BorderWare: Dynamic Inspection Tackles Bad Site Explosion

URL filters, however robust, wall off only a small per centage of malware sites and inappropriate content. How do you keep your employees -- and your business -- from being tagged by the larger universe of dangerous sites? Filtering on the fly is BorderWare's solution.

Keith Ferrell, Contributor

March 30, 2009

2 Min Read

URL filters, however robust, wall off only a small per centage of malware sites and inappropriate content. How do you keep your employees -- and your business -- from being tagged by the larger universe of dangerous sites? Filtering on the fly is BorderWare's solution.Security vendor BorderWare has introduced a new feature, Dynamic Inspection, that the company says addresses the vast number of unrecognized and unfiltered sites on the Web.

While the Websense URL database, for instance, categorizes several million known sites, there are over a trillion (with a "t") sites on the Net, and the number is growing larger by the second.

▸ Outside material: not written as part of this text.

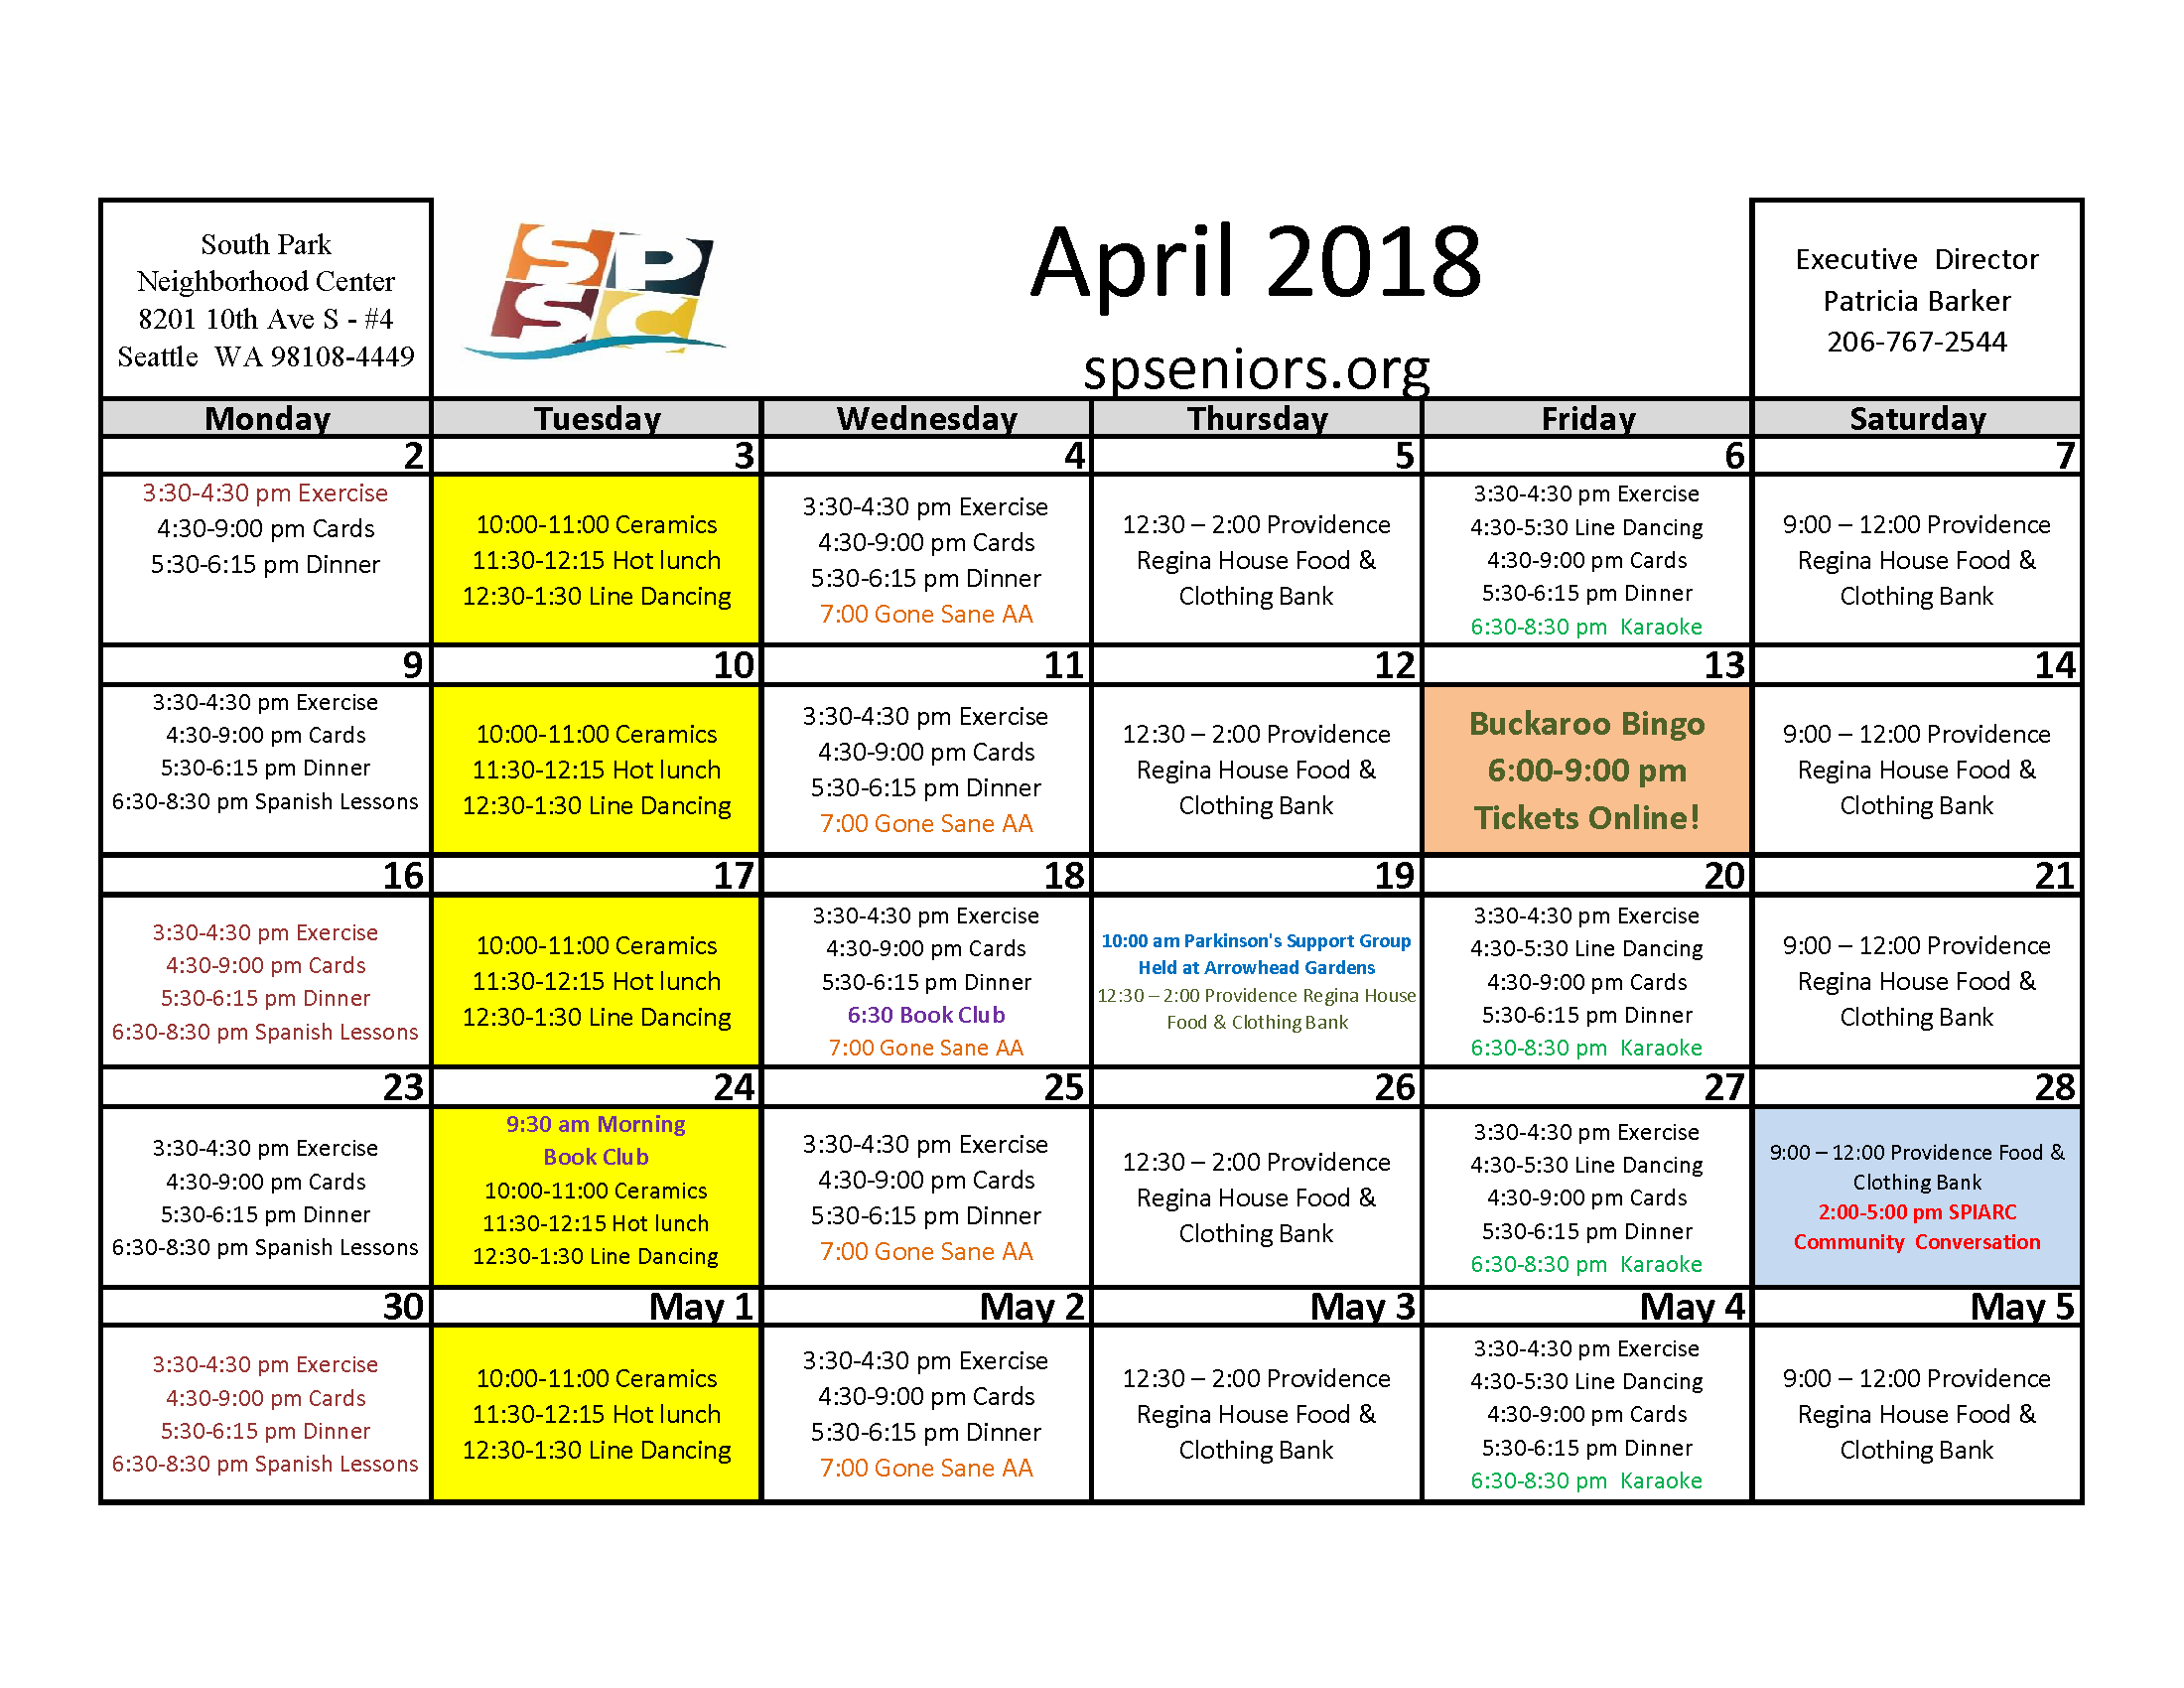 April activity Calendar for South Park Senior Citizens

BorderWare's latest feature-add to its subscription-based e-mail and Web security platform approaches unknown Web sites your employees seek to surf to, and analyzes them for both malware infections as well as for appropriate (or, more accurately, inappropriate) categories and content, measured against the standards and restrictions established in your security/usage policy.

According to Shawn Eldridge, BorderWare vp of products and marketing, with whom I spoke recently, the real-time scanning and content analysis process is usually quick and essentially unnoticed by the user. "Large sites with lots of content take longer, of course," he says.

What's the advantage of on-the-fly inspection over traditional URL filtering?

"Both are important," Eldridge said. "But the Web is growing so rapidly that no database of URLs can keep up. Dynamic Inspection was designed to bridge that gap between known sites and the far larger number of unknown ones."

As an additional feature for the company's e-mail and Web filtering and security products, Dynamic Inspection offers an effective solution both to inadvertent encounters with risky URLs and the larger, I think, general problem of exuberantly surfing employees.

The feature is an add-on, which brings us back to a question we've looked at here before: Can your business justify the investment of thousands of dollars for filtering and Web monitoring?(BorderWare is sold through resellers, so I don't have specific per seat costs.)

Eldridge's answer was not dissimilar from others I've received:

"It depends on the nature of your IT resources," he said. "Take a look at the amount of time, personnel and money you spend on help desks and IT staff, and measure that against the cost of the service you're considering."

Fair enough: like any other business investment, you have to look at both your resources and your needs.

On the needs front, the question comes down to the volume of unwanted and potentially dangerous e-mail you're receiving throughout your organization. Get that number, then determine how much time and effort your IT staff is spending dealing with the stuff, and you'll have made a good start toward understanding the level of challenge you face, and the level of investment that challenge justifies.